I have two data frames, the first one has 200k records and the second one has 9k. I need to apply fuzzy matching for string matching in two columns. I dropped the duplicate values in both data frames, but still, there might be similar strings. Hence, I wrote the below code. I thought that I can manually go through the best-two-matches in the third column and see if it is a reasonable match or not. The issue is that the code has been running for the last 2 days and I do not know how to speed up this process. I would appreciate if you could share your opinion to improve the speed and performance.
Thanks.

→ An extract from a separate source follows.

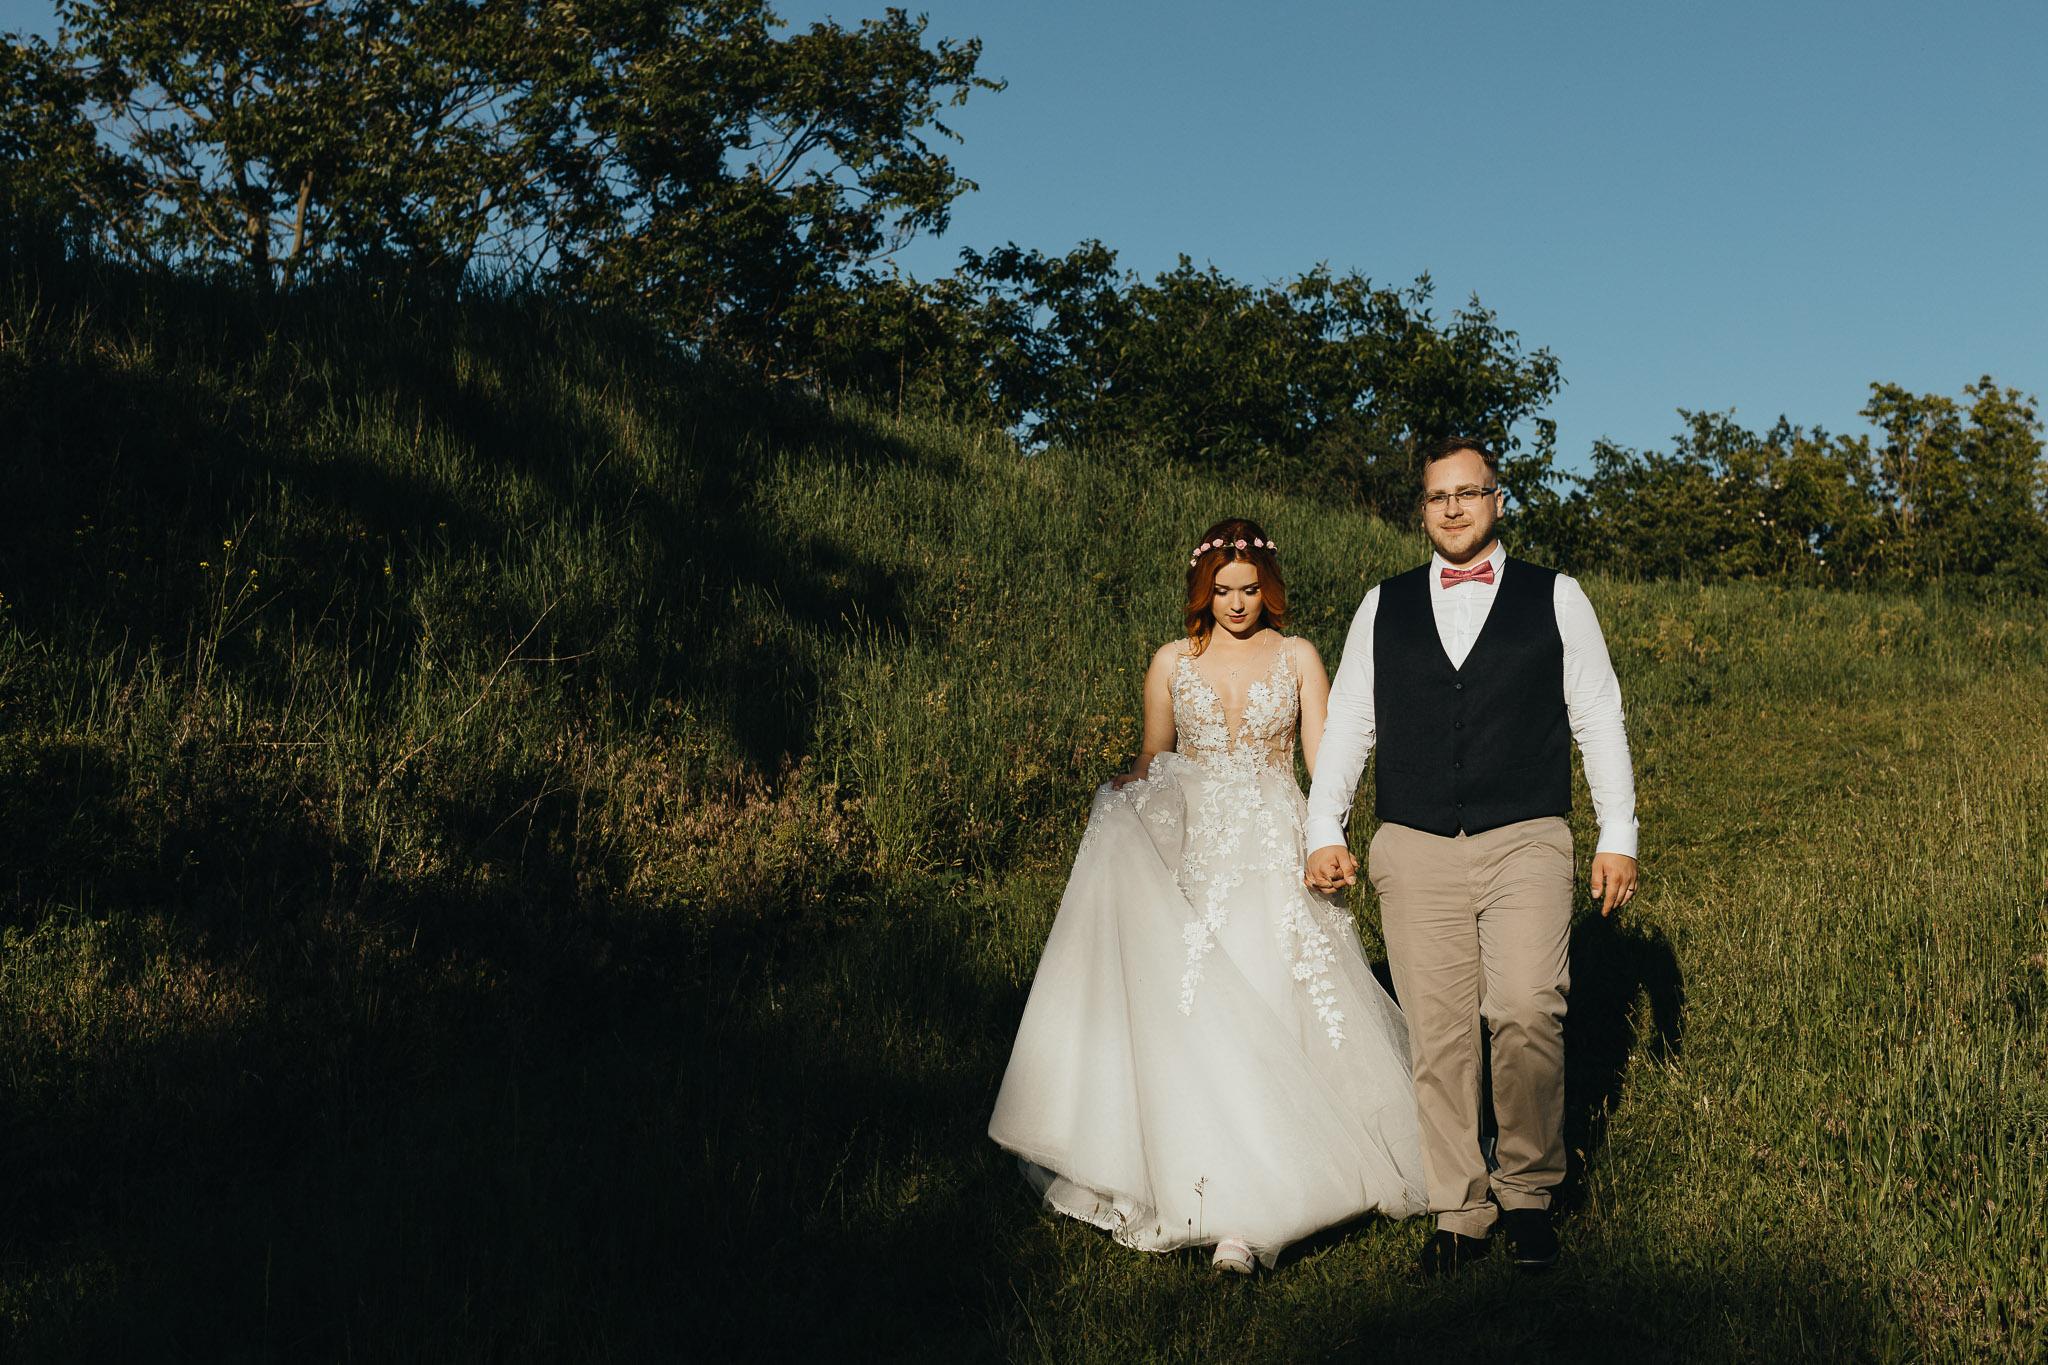 kubousfoto_svatebni_fotograf_brno_wedding_TL_35

The mock data:
index | comp | var |
---|---|---|
0 | google inc-radio automation bu | apple |
1 | apple inc | |
2 | google inc | microsoft |
3 | applebee | google inc |
4 | microsoft | appplebee |
the code I wrote:
from fuzzywuzzy import fuzz
from fuzzywuzzy import process
import pandas
# empty lists for storing the
# matches later
mat1 = []
mat2 = []
list2=df['comp'].tolist()
list1= df['var'].tolist()
# taking the threshold as 90
threshold = 90
# iterating through list1 to extract
# it's closest match from list2
for i in list1:
mat1.append(process.extract(i, list2, limit=2))
df['matches'] = mat1
CodePudding user response:
There is a package rapidfuzz by @maxbachmann
pip install rapidfuzz
Sample usage:
from rapidfuzz import process, utils
df['matches'] = df['var'].apply(lambda x: process.extract(x, df['comp'], limit=2))